Roger Tien-hung Luo (commonly referred to as Roger Luo, ), is ambassador of the Republic of China (Taiwan) to Solomon Islands, preceded by Victor Yu.

Biography
After Luo successfully completed the special examination for diplomats in 1983, he joined the Ministry of Foreign Affairs. He had posts in the Philippines, Swaziland, and St. Vincent. He met Hsing Yun, the founder of Buddha's Light International Association, in 1999. Luo was based in Busan in South Korea for six years during which he shared over 1,000 photos and 360 travel stories on his blog "Having More Fun in Korea Than Koreans" (). He was the deputy director of the Bureau of Consular Affairs in 2014.

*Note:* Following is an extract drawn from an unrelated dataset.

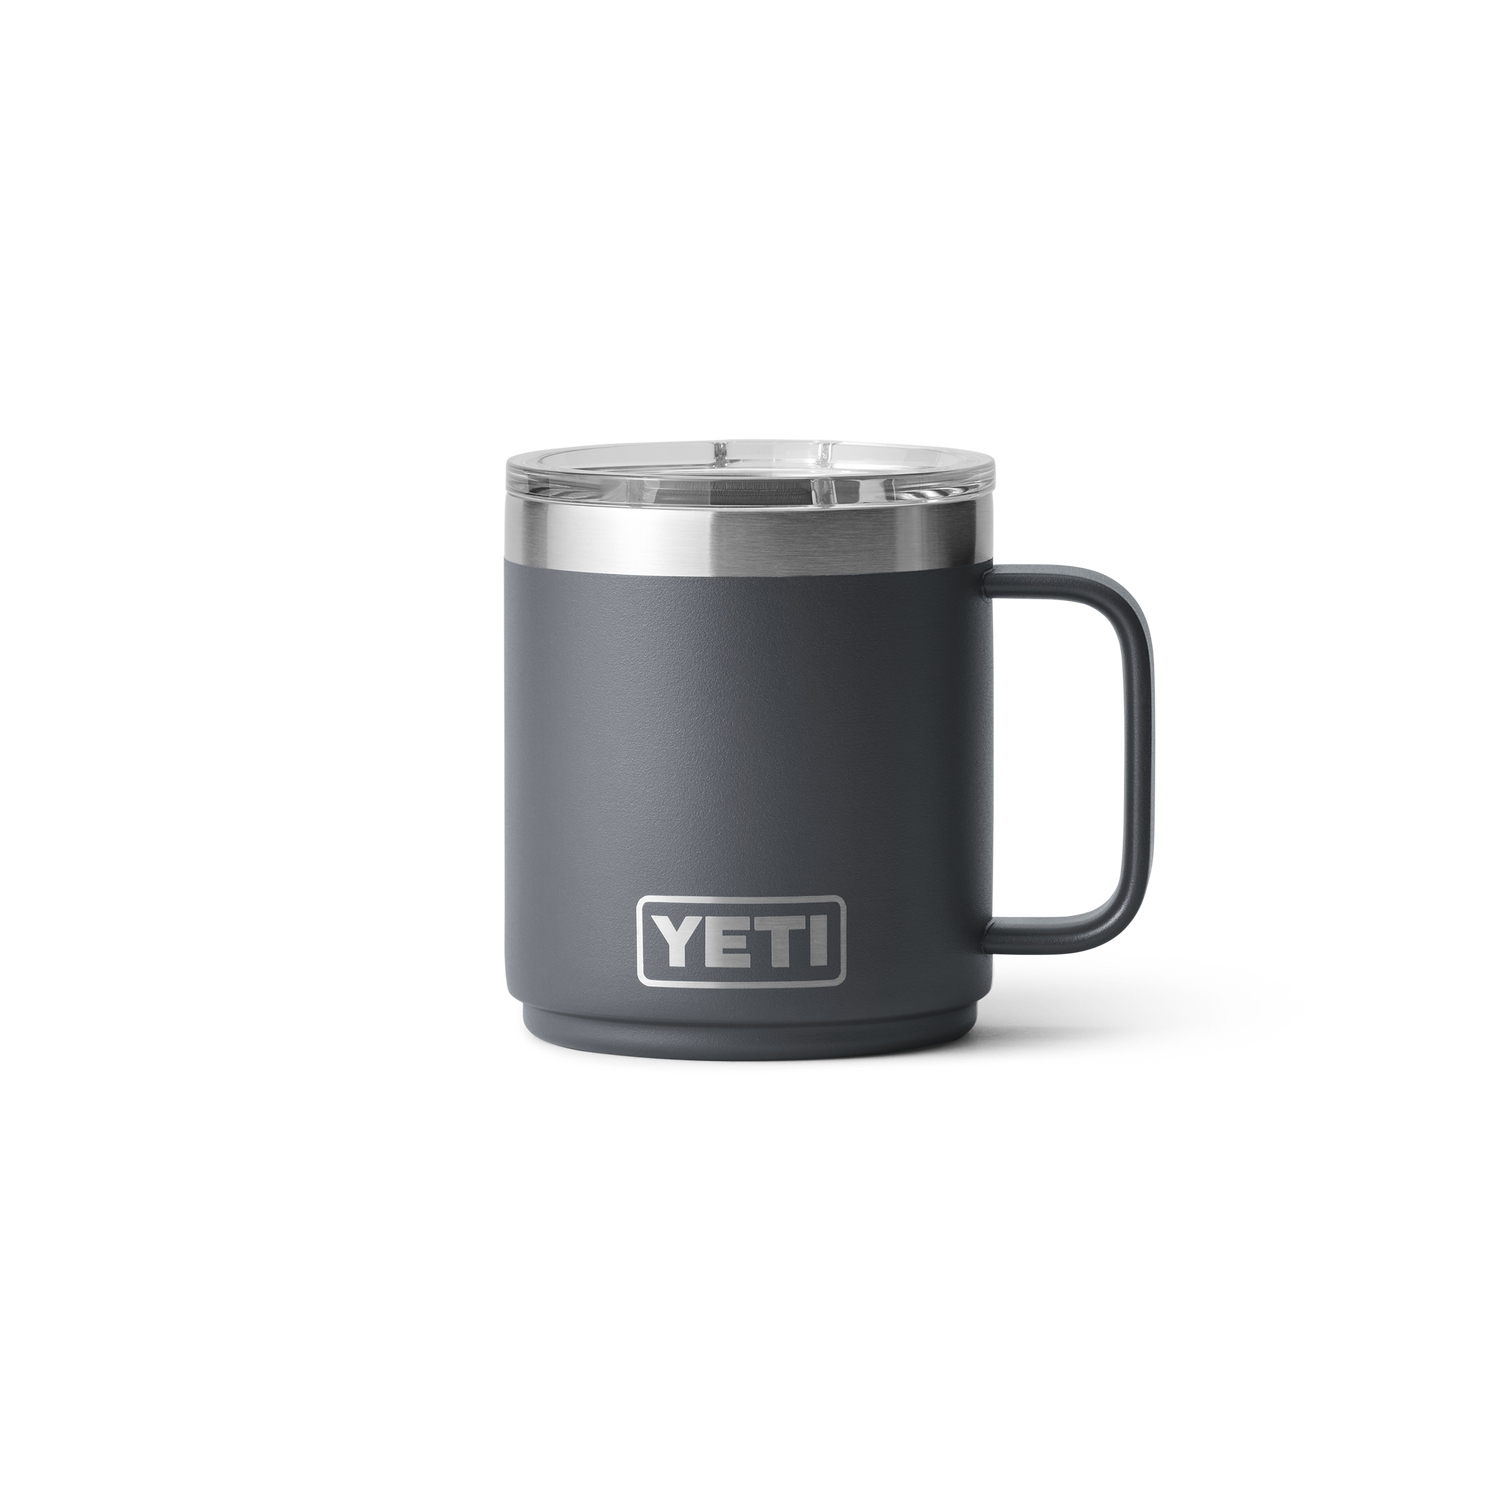  YETI Stainless Steel Rambler Travel Drinking_Cup

Luo was appointed the Taiwanese ambassador to the Solomon Islands, a position he served in between January 2017 to August 2019. His wife joined him when Frank Kabui, the Governor-General of Solomon Islands, received his diplomatic credentials. While stationed at various locations, he took part in numerous commemorative events related to war and viewed military antiques. He authored the book My Time in Solomon Islands: World War II Battleground through the eyes of an Ambassador (), which was published in 2021. In a book review, Citi Cui of the China Times wrote, "After the author's careful study and on-the-spot observation, this book is easy to read, allowing readers to quickly understand the combat history of the United States and Japan in the Solomon Islands during World War II."